Dopo qualche video, tra incredulità e delizia, ho notato come sul suo profilo siano presenti link che portino rispettivamente all suo shop Amazon e il suo profilo ShopMy - una piattaforma di affiliazione per influencers. Cliccando su questi questi link possiamo trovare prodotti per tenere pulite e organizzate le nostre borse, teche in plastica dove contenerle e portachiavi a forma di cuore. Nei commenti dei suoi video molti utenti le chiedono se successivamente rivenda le borse che acquista: ammette di no, di sentirsi troppo legata a loro. 

L'usato diventa un nuovo tipo di consumo

Dal momento in cui TikTok contribuisce a rafforzare la percezione del sé attraverso lo sguardo altrui, appare quasi ovvio che qualsiasi giovane utente venga spinto a creare e postare più video possibili su temi popolari all’interno della piattaforma. In particolare, se un paio d’anni fa gli haul - video in cui i creator mostrano i propri acquisti - riguardavano i grandi gruppi fast-fashion, ciò che per ora catalizza l’attenzione sono i contenuti in cui gli utenti, spesso giovani donne, portano i propri followers in giro per mercatini dell’usato alla ricerca generica. Non ho aggiunto un complemento di specificazione perché non c’è quasi mai: il thrift shopping sembra esistere nel vuoto, distaccato da altre forme di consumo.
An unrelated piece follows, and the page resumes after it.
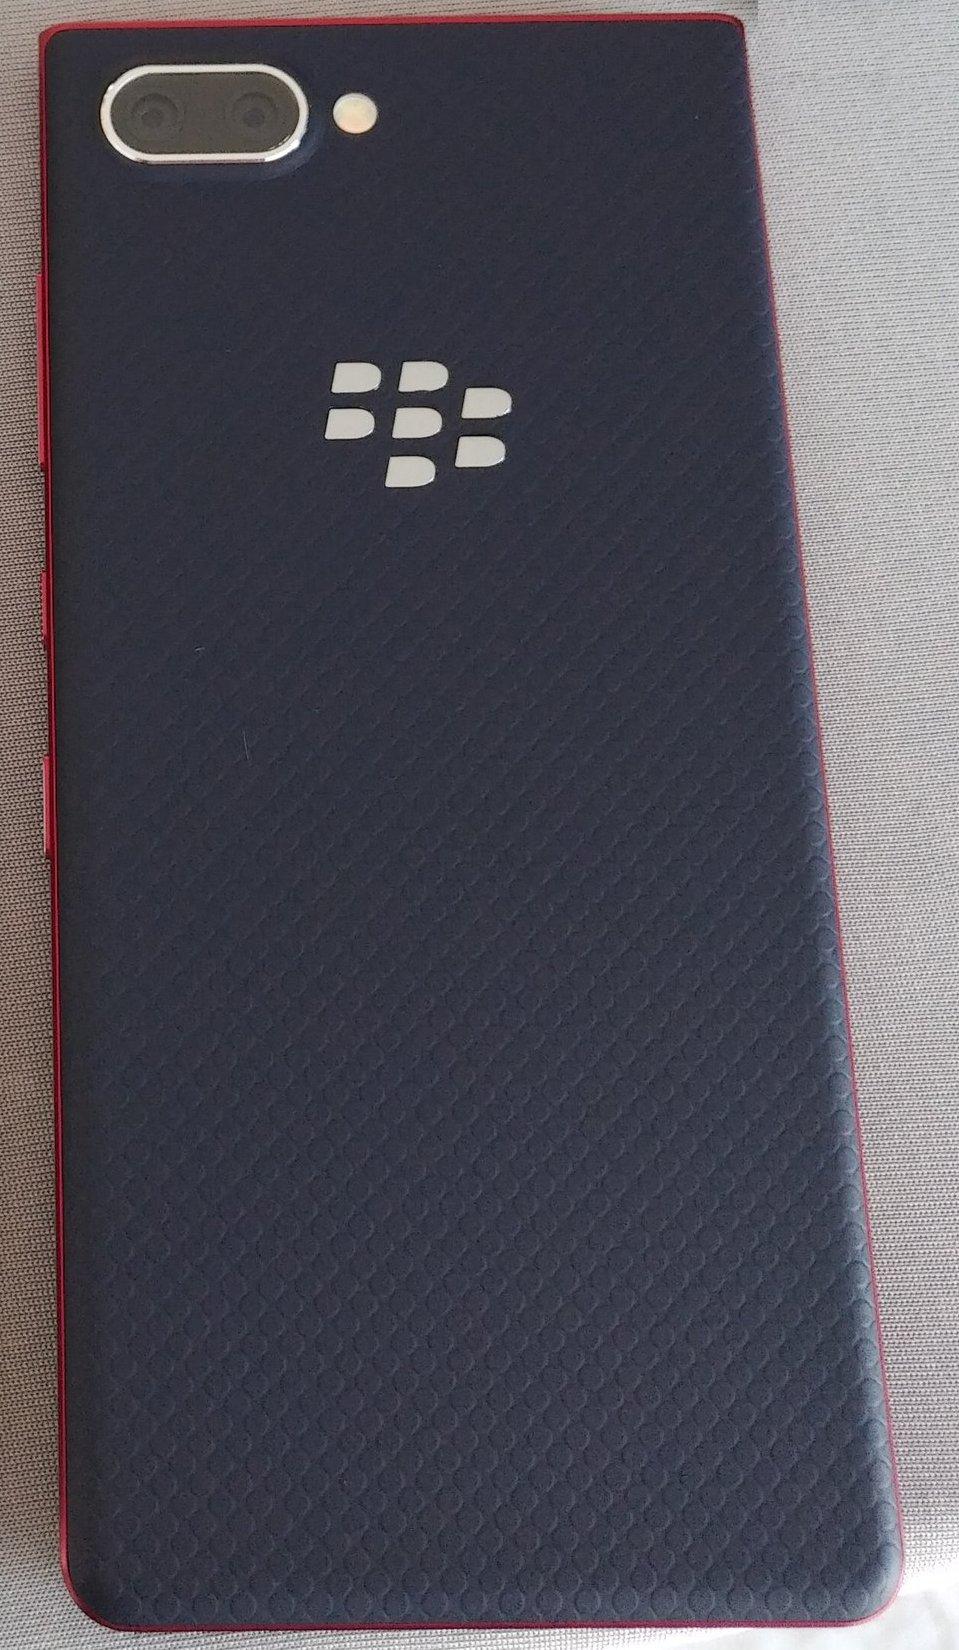 KEY2 от BlackBerry получит Lite-версию

Addosso ha una patina di atto creativo e altruistico che legittima la propria popolarità. Ma è davvero così? 

Il thrifting è solo un altro modo di fare shopping

In alcuni video, le utenti mostrano borse blu di Ikea ricolme di capi acquistati a poco prezzo; alcune vanno settimanalmente in mercatini e sfidano i propri followers a cosa riusciranno a comprare con dieci, venti o trenta euro. Questo porta all’errata percezione che comprare incessantemente e accumulare capi usati e vecchi sia diverso dal comprarli online, nuovi, ben ordinati in bustine di plastica e cartone. Ma comprare e collezionare compulsivamente non sono atti creativi: la professoressa dell’Università della North Carolina Wilmington Jennifer Le Zotte nel suo libro “From Goodwill to Grunge” ha analizzato l’intricato rapporto tra capitalismo industriale, politiche sociali e cultura di massa. Difatti, la storia dello shopping second-hand è segnata dall’appropriazione economica e stilistica da parte dei consumatori privilegiati sin dal XIX secolo. In questo contesto, è fondamentale riflettere sul vero significato dello shopping di seconda mano e sul suo impatto non solo sull’economia, ma anche sulle dinamiche sociali e culturali che lo circondano.